Today's Evil Beet Gossip

It’s Baby Time!

Everybody’s having babies!

I really need to hurry up and have a baby. I’m worried that by the time I find a husband and settle down, having babies won’t be cool anymore.

Anyway, Gwen Stefani has finally decided to put an end to her pregnancy, which began, as I recall, during the previous Olympic Games, and is currently at Cedars-Sinai preparing to push out a human.

Congrats!

The Naked Cowboy Is Getting His Own TV Show

Hey, so you know that dude who’s been wandering around Times Square in his underwear, a cowboy hat and a guitar for the past bazillion years?

It finally paid off.

Robert Burck, aka The Naked Cowboy, has inked a reality TV deal.

Burck he will judge the talents of street performers such as himself in an American Idol-style competition.

“I want to see people like me, the real deal,” the Naked Cowboy said in an interview with the New York Post. “I’m looking for character more than anything. You could be the greatest musician in the world, but if you stand in jeans and a T-shirt next to me, no one will notice you.”

The show is set to air on Country Music Television.
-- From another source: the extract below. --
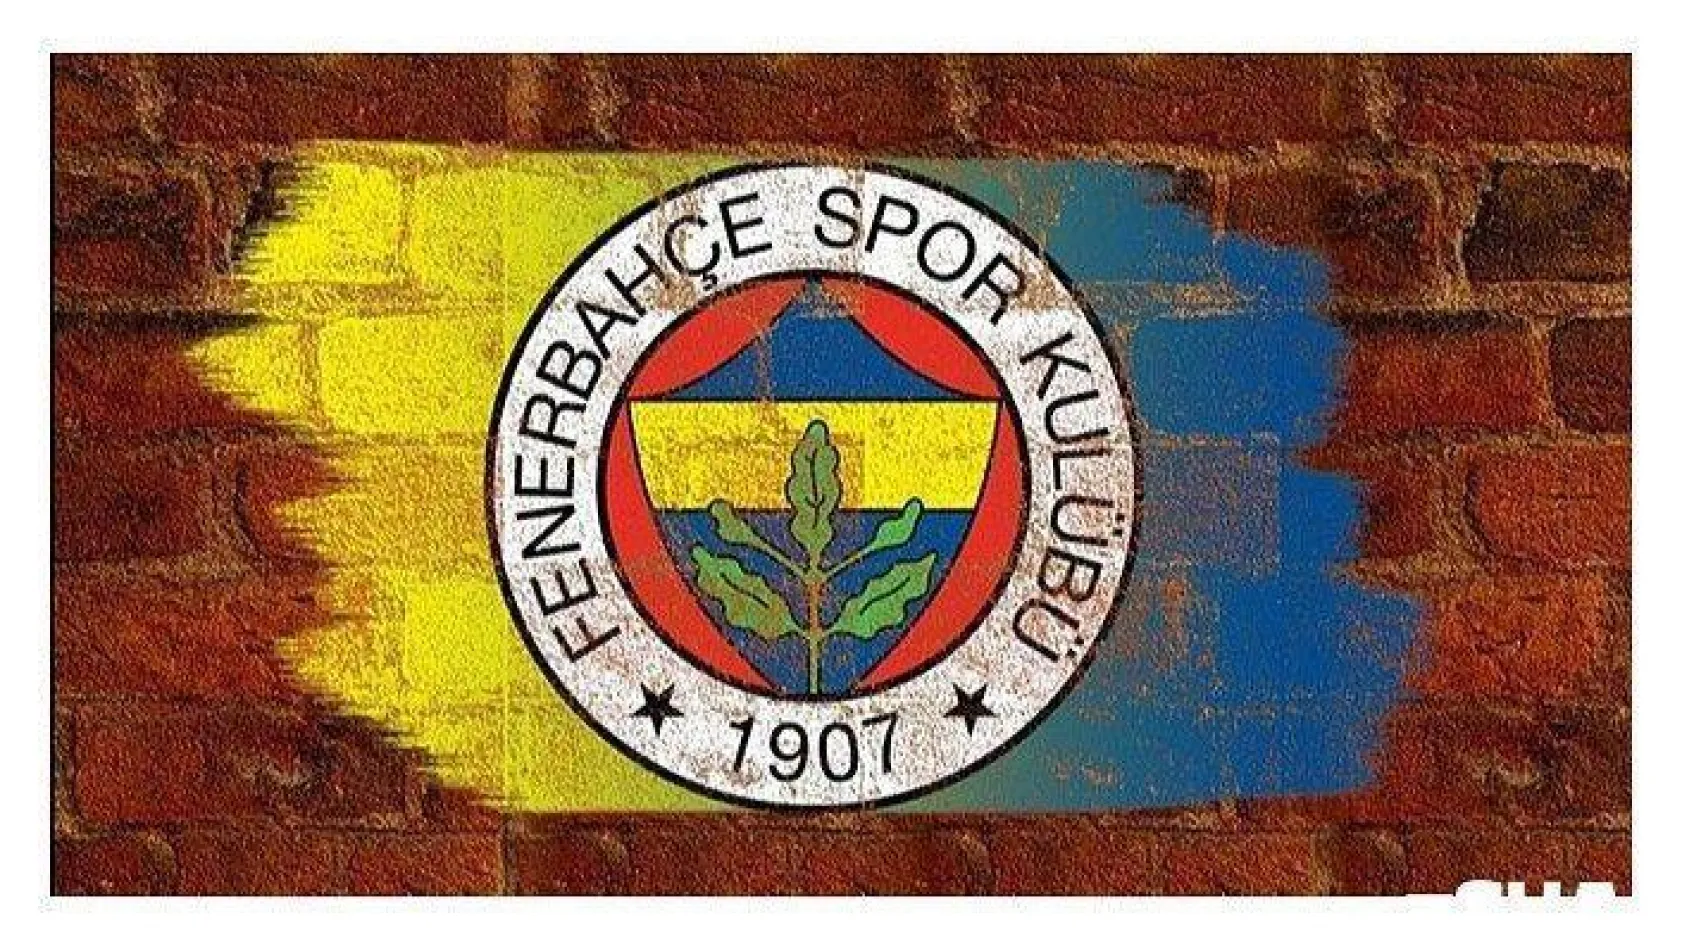 Fenerbahçe'de 2 pozitif vaka

You know what I want to see? I want a reality show about those mole people who live under the subways in NYC. I read a book about them when I first moved there, and then spent the rest of my time there staring out the windows of the subway cars hoping for a glimpse of the mole people. Are you listening, Hollywood? I WANT MOLE PEOPLE!
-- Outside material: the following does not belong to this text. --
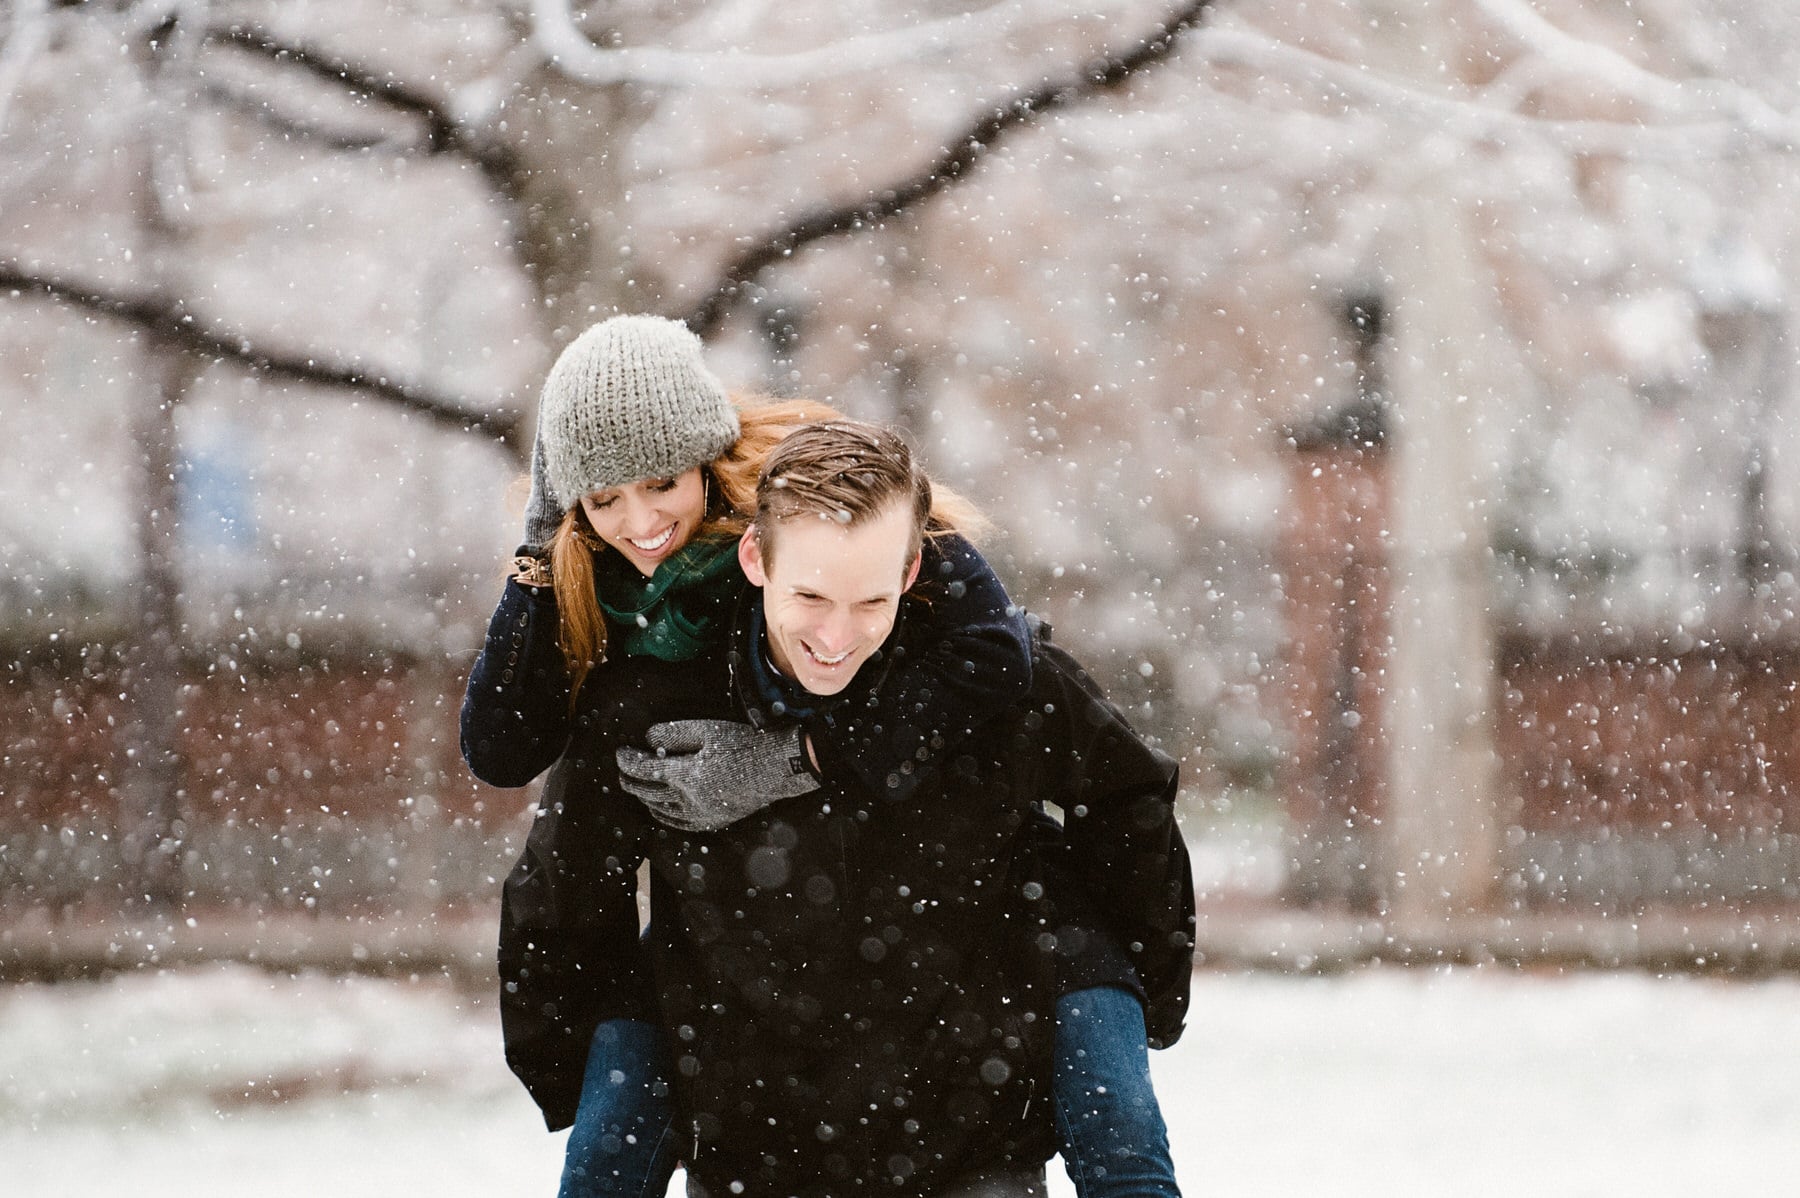 Fun Engagement photos in snow

Investigating the Chinese Gymnasts — FINALLY!

The International Olympic Committee (IOC) confirmed today that it has asked the International Gymnastics Federation to investigate the Chinese gymnastics underage fiasco, following new evidence that at least two gymnasts competed under the legal age in the Olympics.

A hacker by the handle of “stryde.hax” (every time I read that I think to myself “Does he use Stridex?”) tracked down some evidence of the real birthdates of He Kexin and Yang Yilin that shows that they are actually 14 years old. Basically, the Chinese government had any traces of their actual birthdates deleted from everywhere — even Google’s cache — but this hacker tracked it down in the document translation cache of Chinese search giant Baidu. Which isn’t really hacking so much as it is, ya know, good old-fashioned American ingenuity. You can check out the documents here and here, but they’re in Chinese so good luck with that. You can also check out stryde.hax’s blog on the issue here. (Thanks Emily for those links!)
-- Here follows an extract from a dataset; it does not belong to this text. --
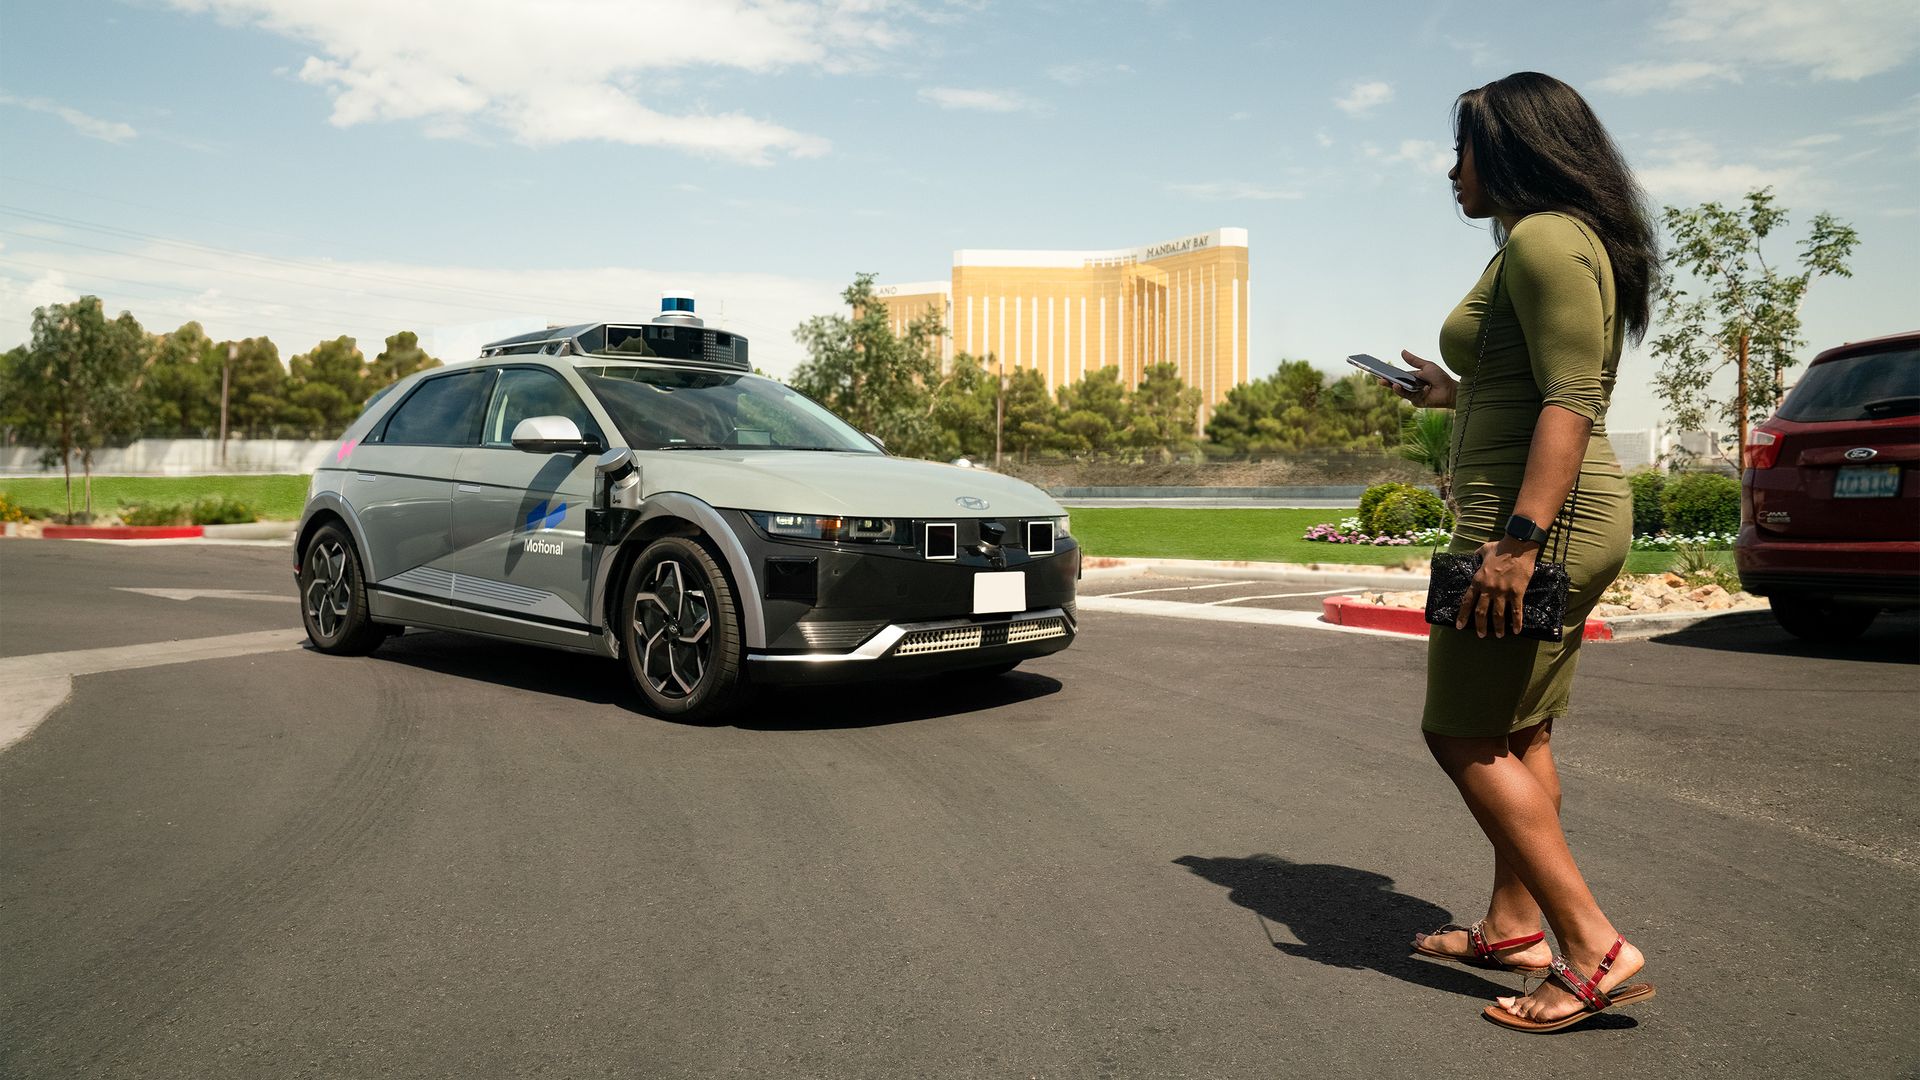 A woman prepares to board an autonomous Lyft robotaxi in Las Vegas

Emmanuelle Moreau, IOC’s Media Relations Manager in Beijing, said in an email that, “the IOC has therefore asked the International Gymnastics Federation to endeavour to find out more. We understand they are doing so immediately.”

I know a lot of you feel like I — and maybe Americans in general — have been making too much of a fuss about this, but I disagree. This isn’t about getting a gold medal for America, at least not in my mind. If the Olympics are going to be worth anything at all, people have to play by the rules. This includes China. Hopefully there will be repercussions here.

Blind Item!

Which two perky Olympian teammates are really bitter rivals? One spiked the other’s protein shake with laxatives before a big competition, but her plan backfired when her nemesis not only powered through the competition but beat her so-called friend anyway.

I think we all know who this refers to … but could it be true???